=== WHAT YOU ARE ASKED TO DO ===
Please return the listing below word for word, minus its pictures.

=== GIVEN DATA ===
####

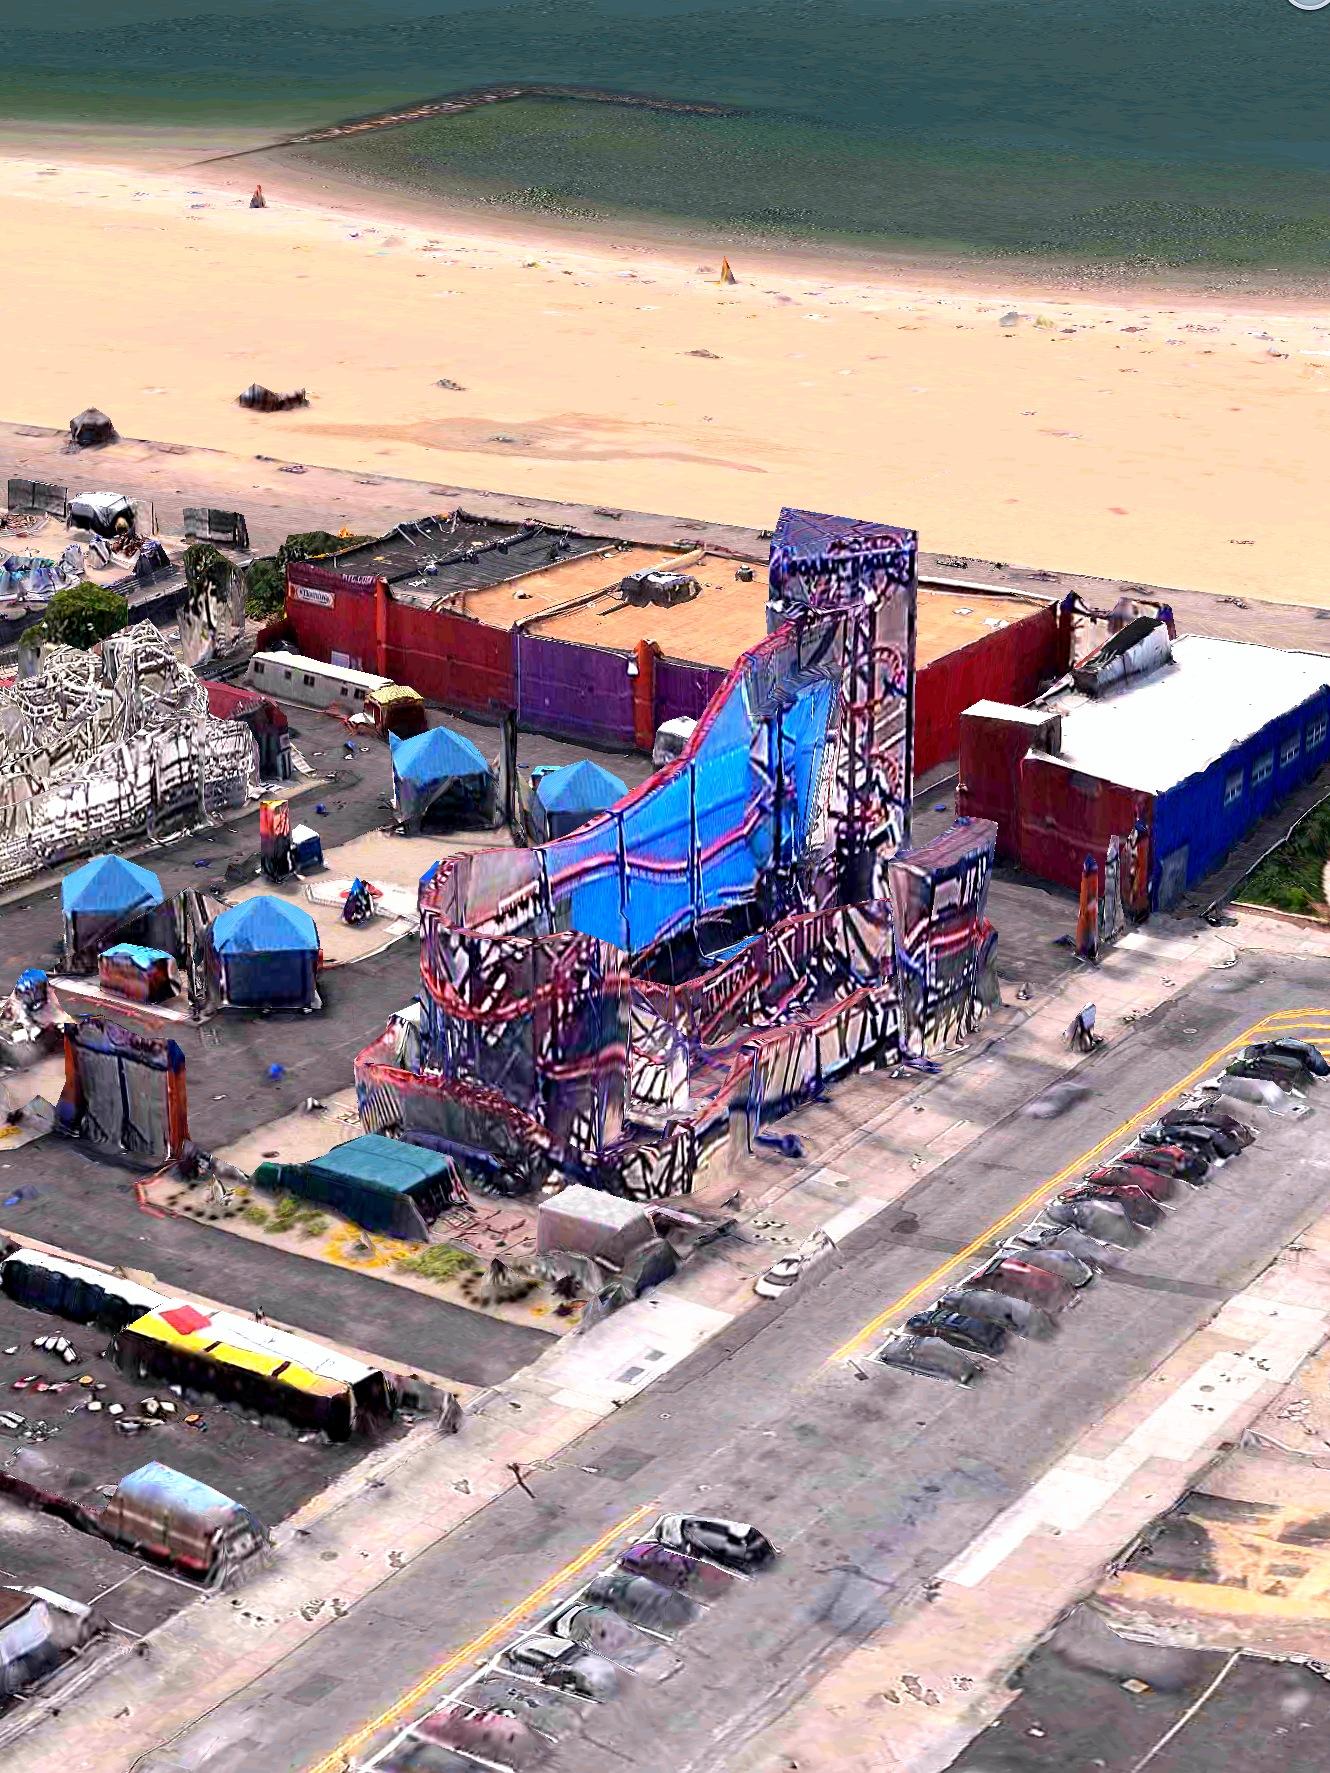 coney_island_rollercoaster_1.jpg
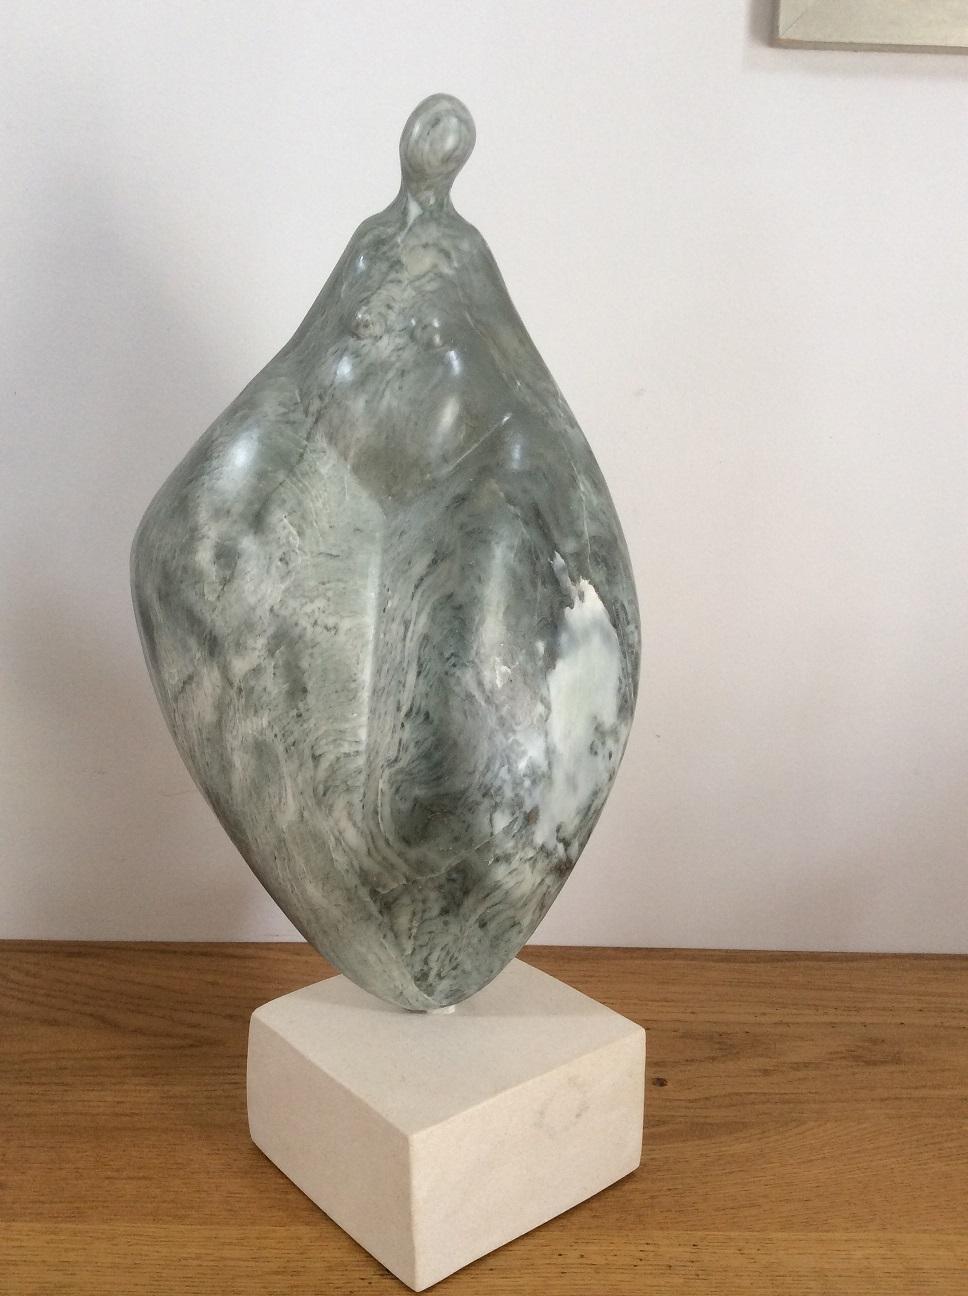 stéatite pierre a savon tendre verte sculpture femme calipige christine lambert
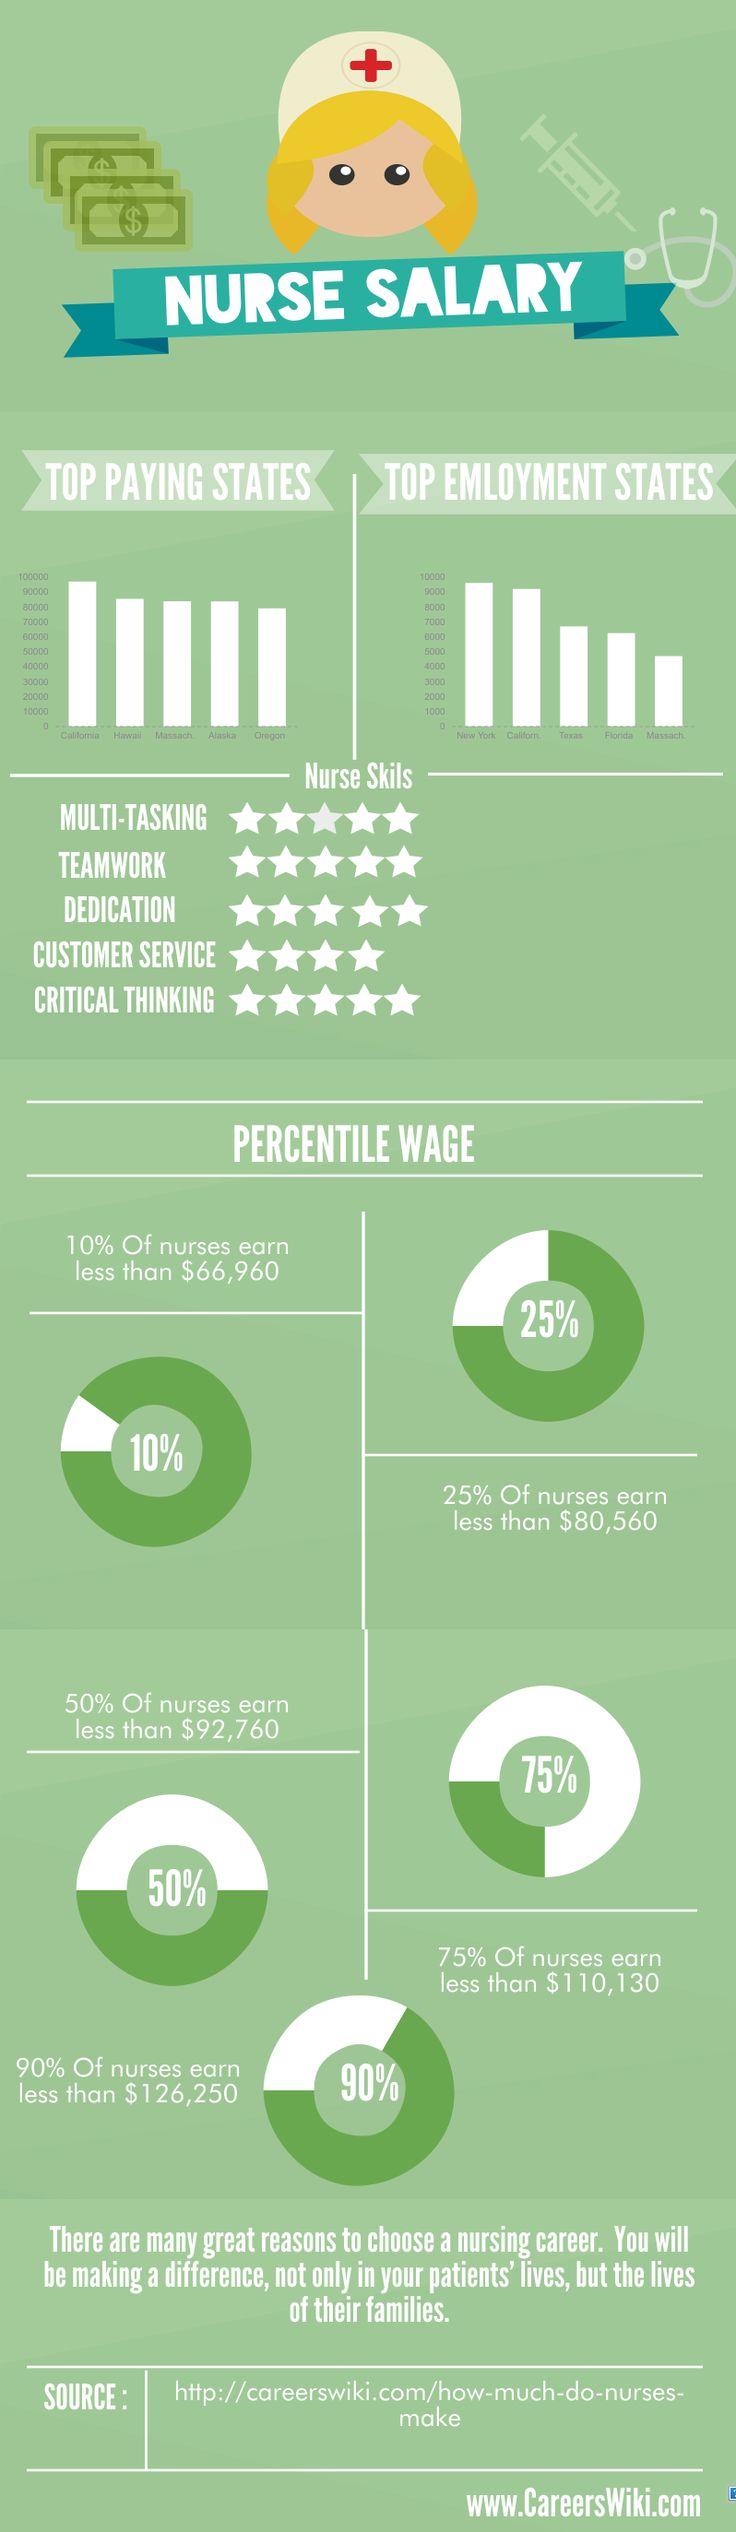 How much do Nurses make? INFOGRAPHIC Nursing infographic

####

=== SOLVED PROBLEM ===
 coney_island_rollercoaster_1.jpg
 stéatite pierre a savon tendre verte sculpture femme calipige christine lambert
 How much do Nurses make? INFOGRAPHIC Nursing infographic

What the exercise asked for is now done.